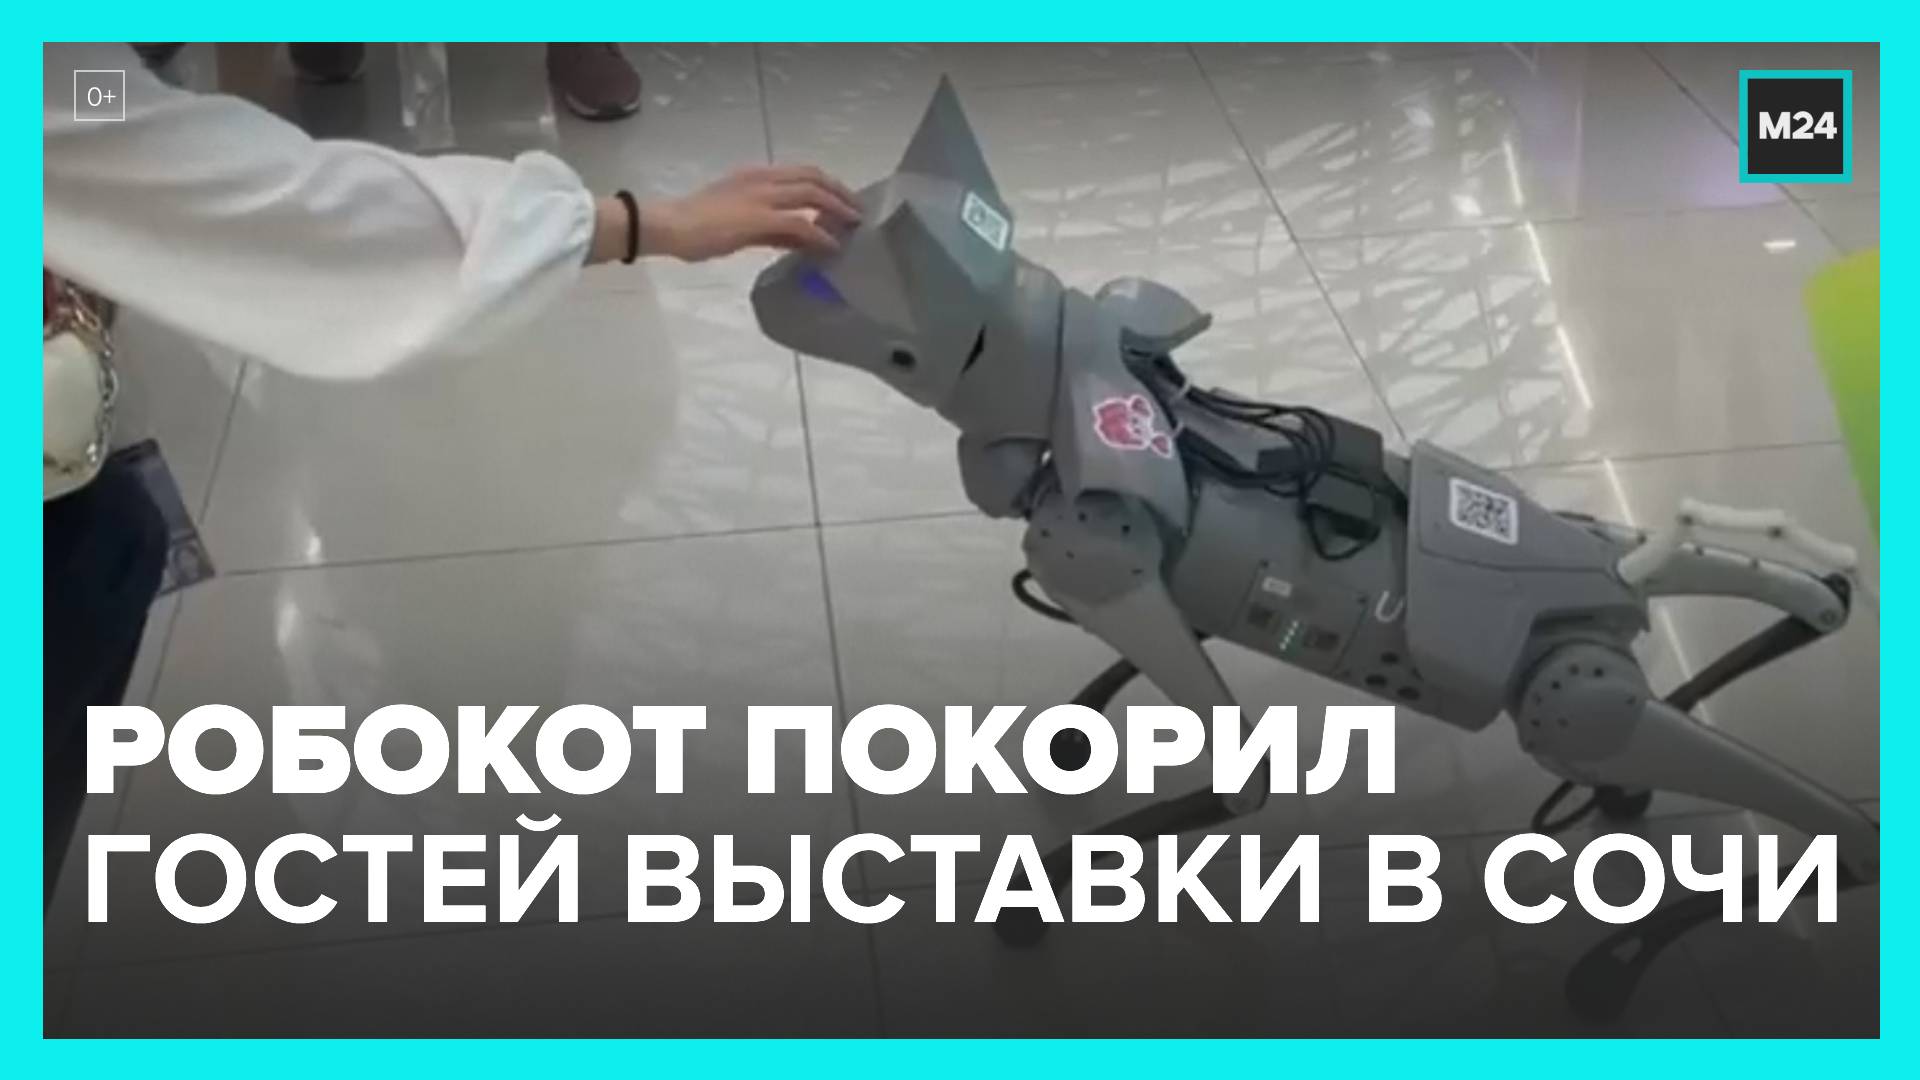 Робокот покорил гостей научной выставки в Сочи - Москва 24
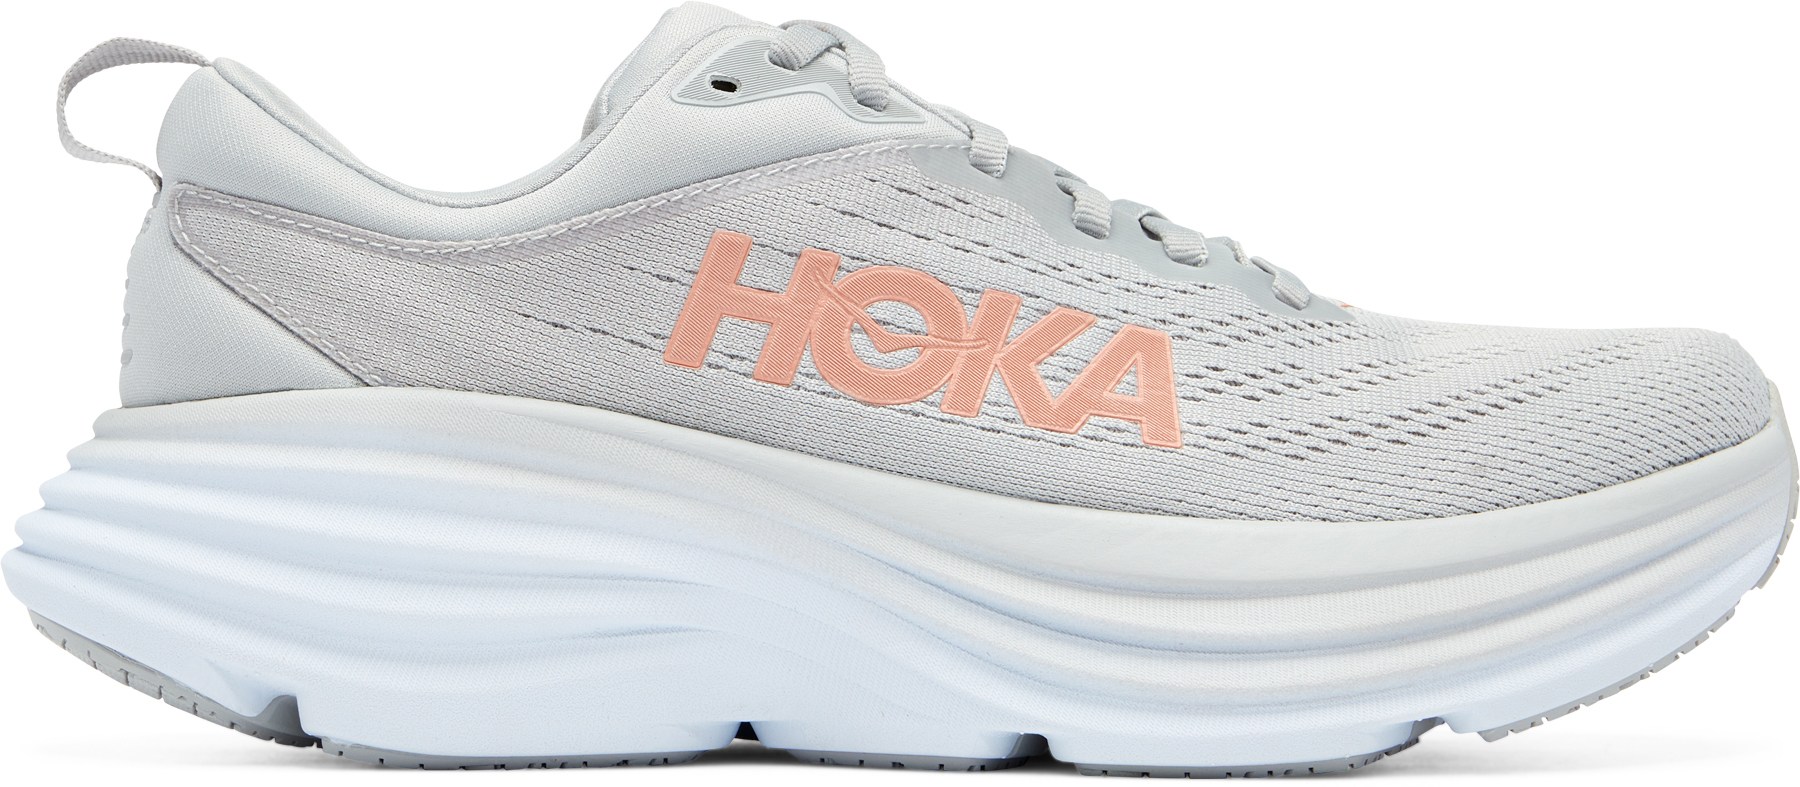 Кроссовки для шоссейного бега Bondi 8 — женские HOKA, серый
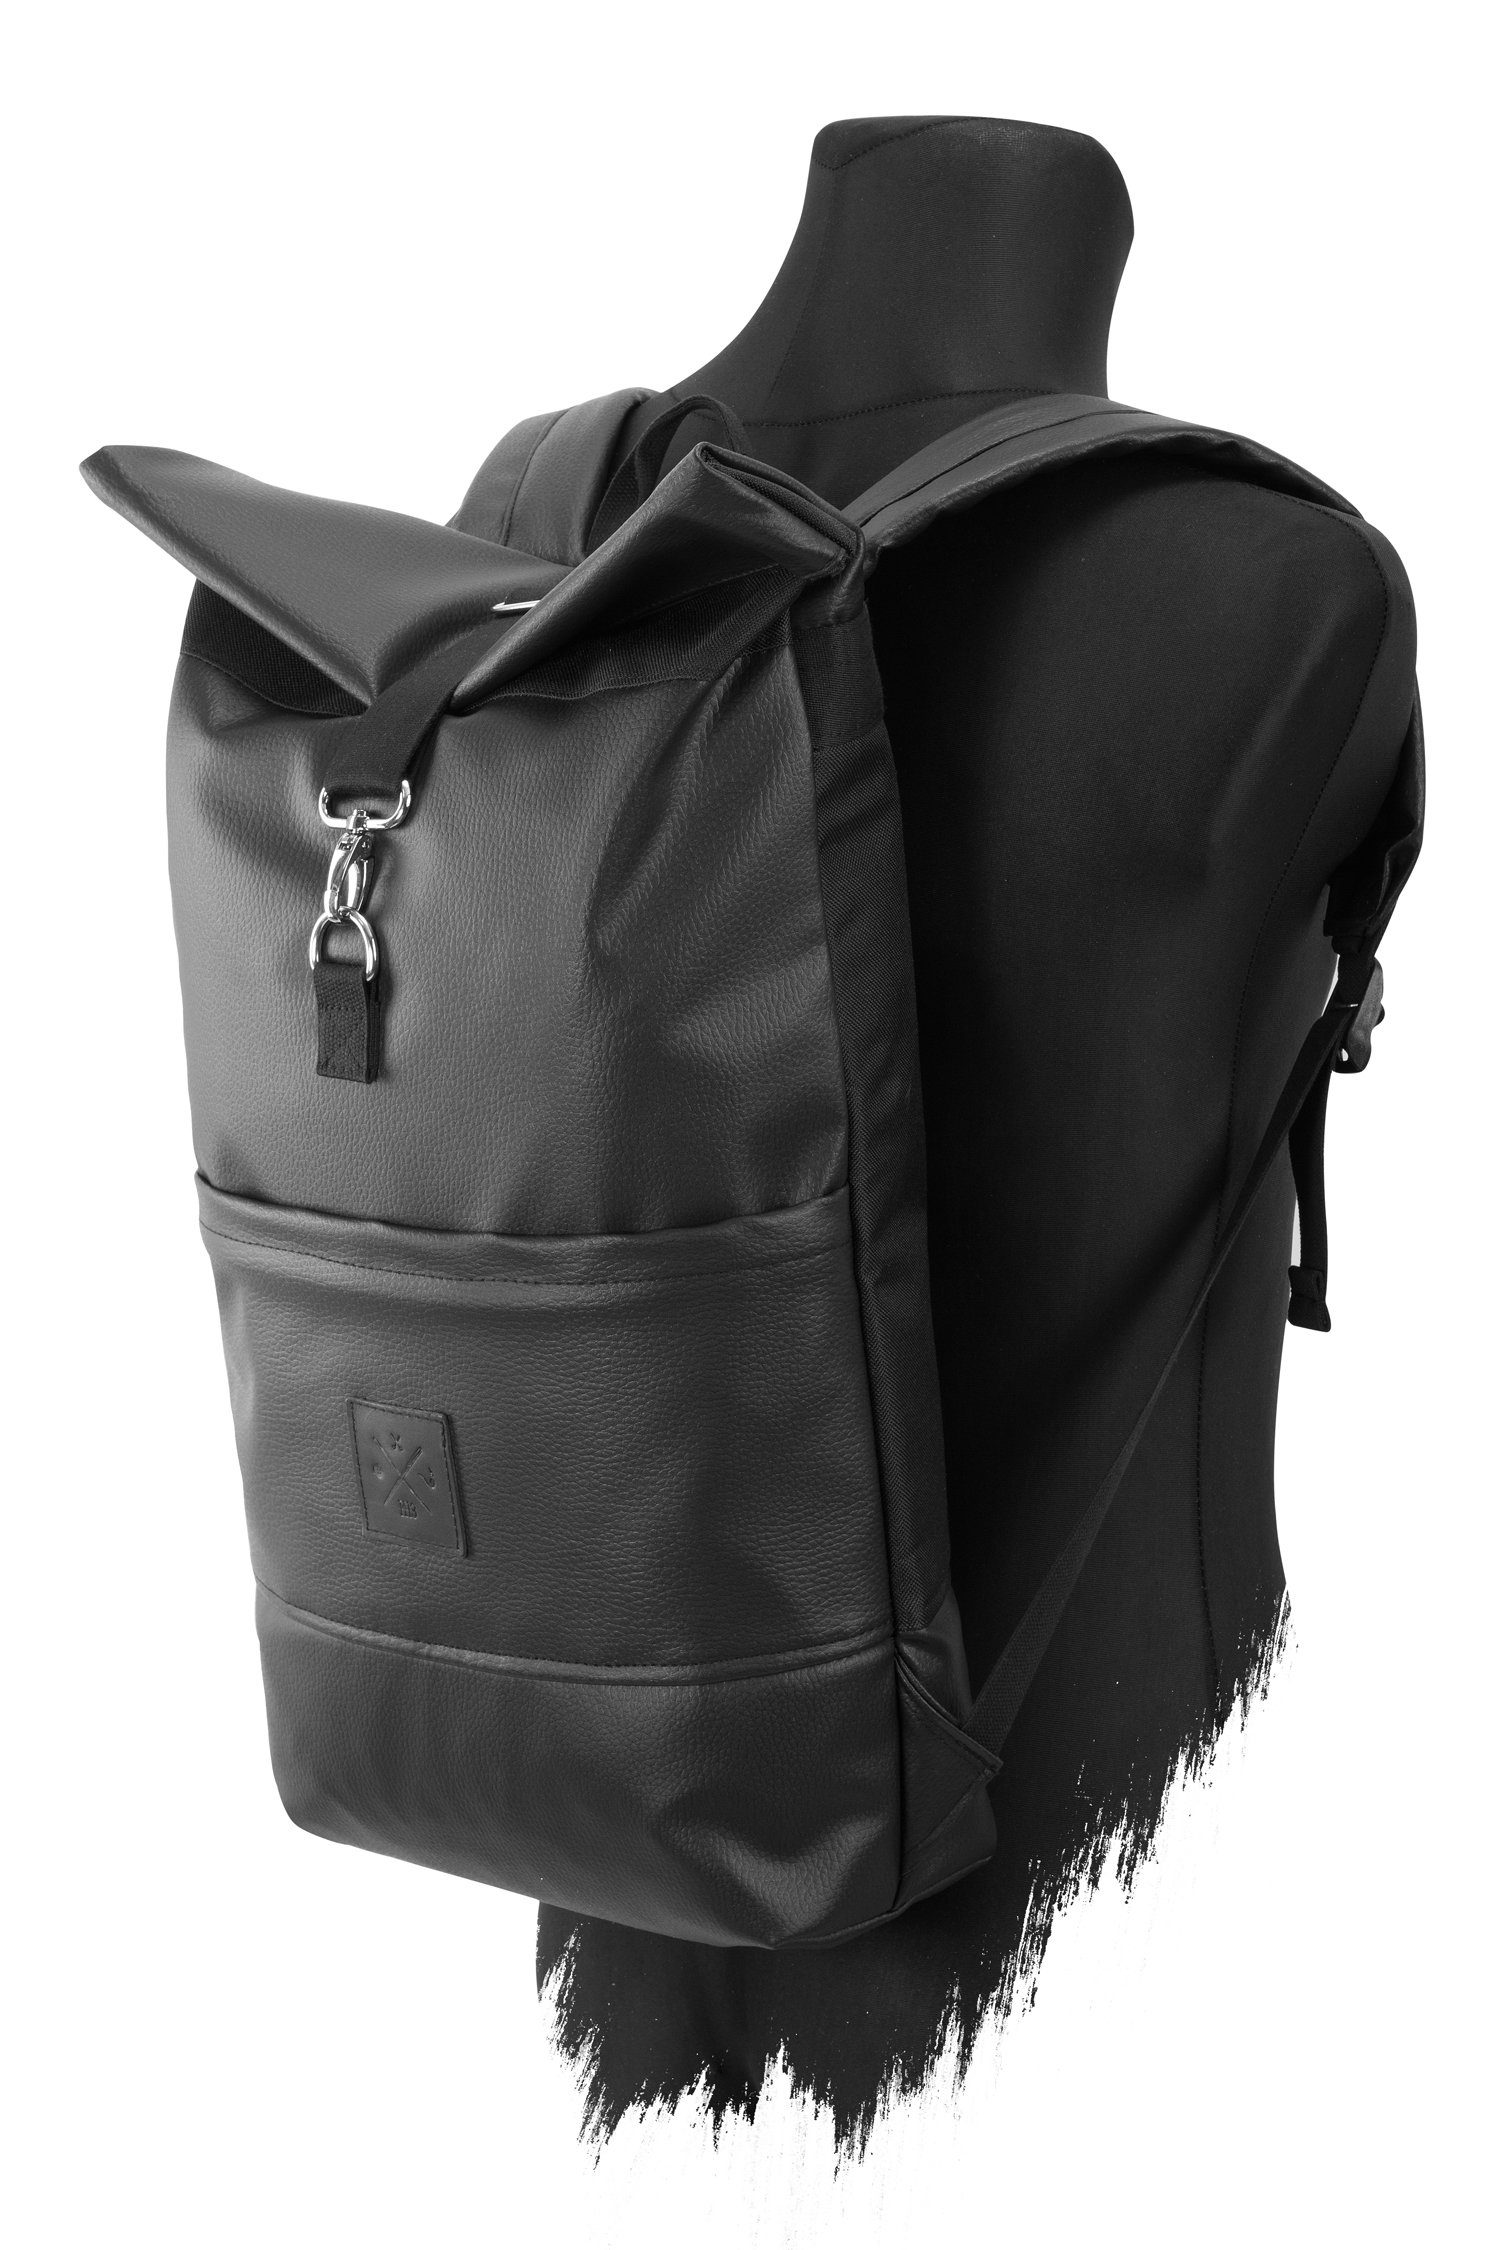 Tagesrucksack verstellbare Manufaktur13 Vegan Roll-Top Black Backpack Leather Gurte Rucksack mit Rollverschluss, - wasserdicht/wasserabweisend, Out
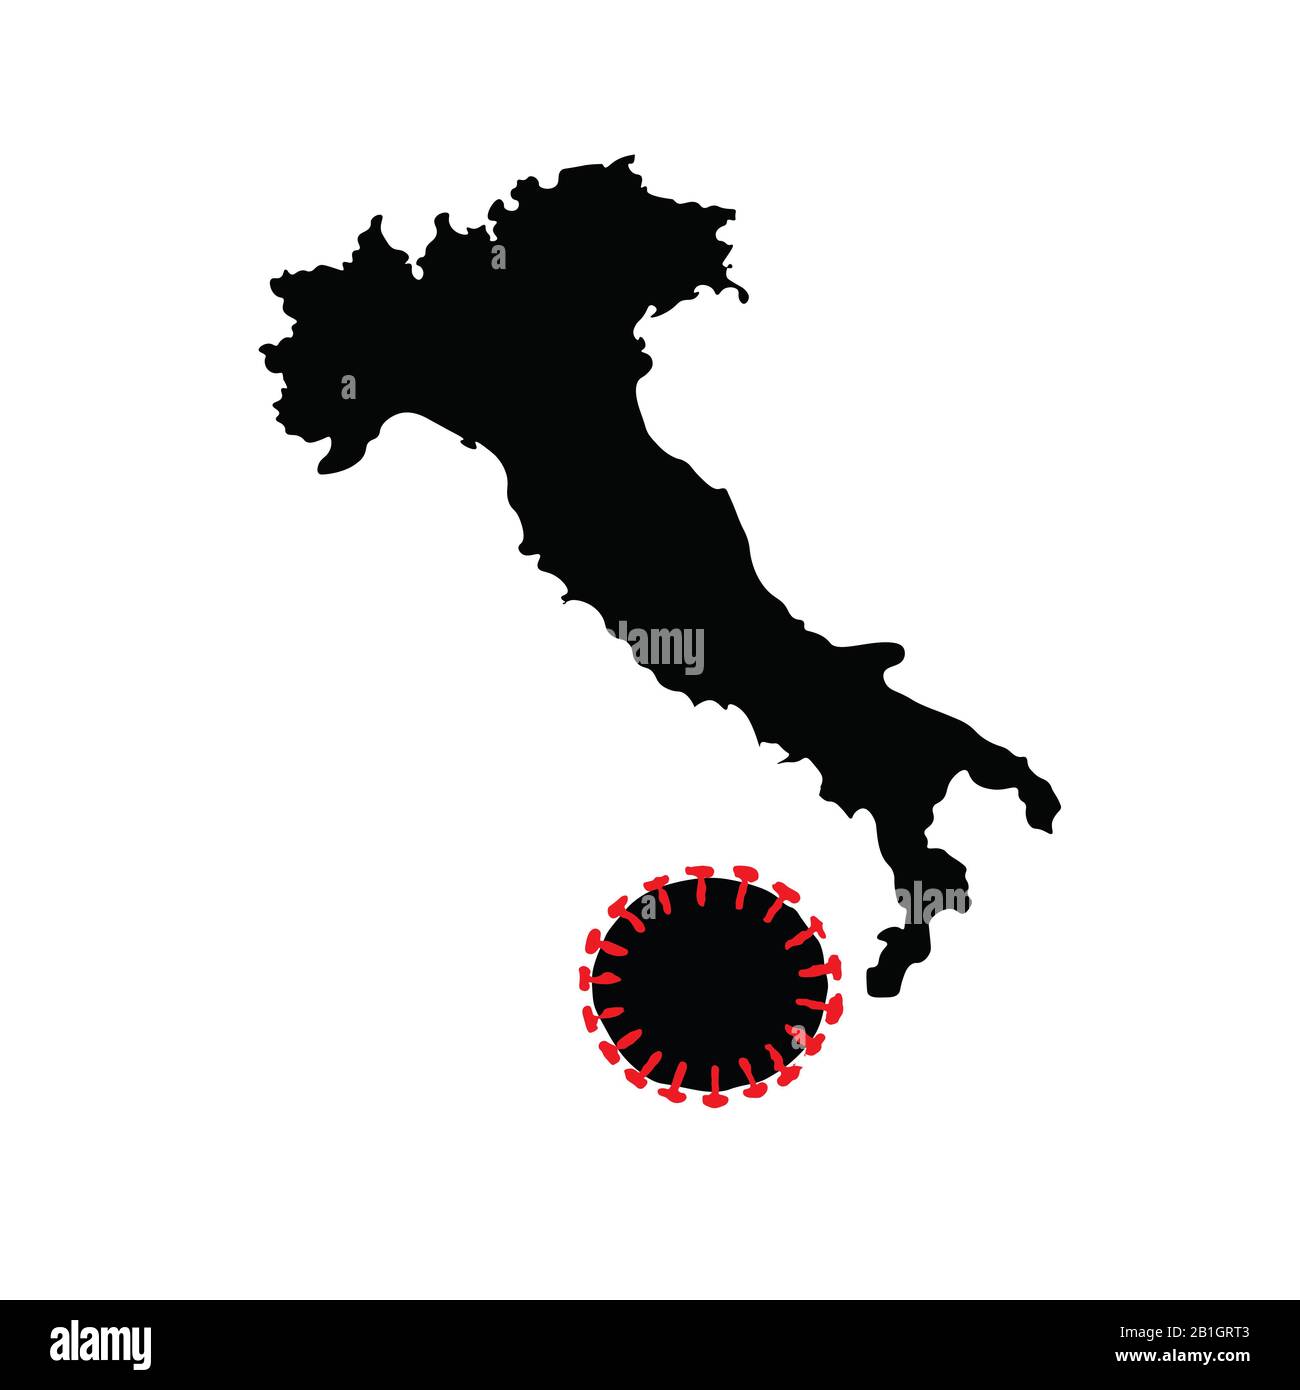 Italien kämpft gegen Coronavirus. Silhouette der italienischen Karte in Form eines Stiefels, der den Corona-Virus-förmigen Ball tritt. Konzept Rasterdarstellung. Stockfoto
-----
◆ **Work to complete**
Restate the listing word for word. Pictures do not belong in the copy.

◆ **Answer box**
 Робокот покорил гостей научной выставки в Сочи - Москва 24
 Кроссовки для шоссейного бега Bondi 8 — женские HOKA, серый
 Tagesrucksack verstellbare Manufaktur13 Vegan Roll-Top Black Backpack Leather Gurte Rucksack mit Rollverschluss, - wasserdicht/wasserabweisend, Out
 Italien kämpft gegen Coronavirus. Silhouette der italienischen Karte in Form eines Stiefels, der den Corona-Virus-förmigen Ball tritt. Konzept Rasterdarstellung. Stockfoto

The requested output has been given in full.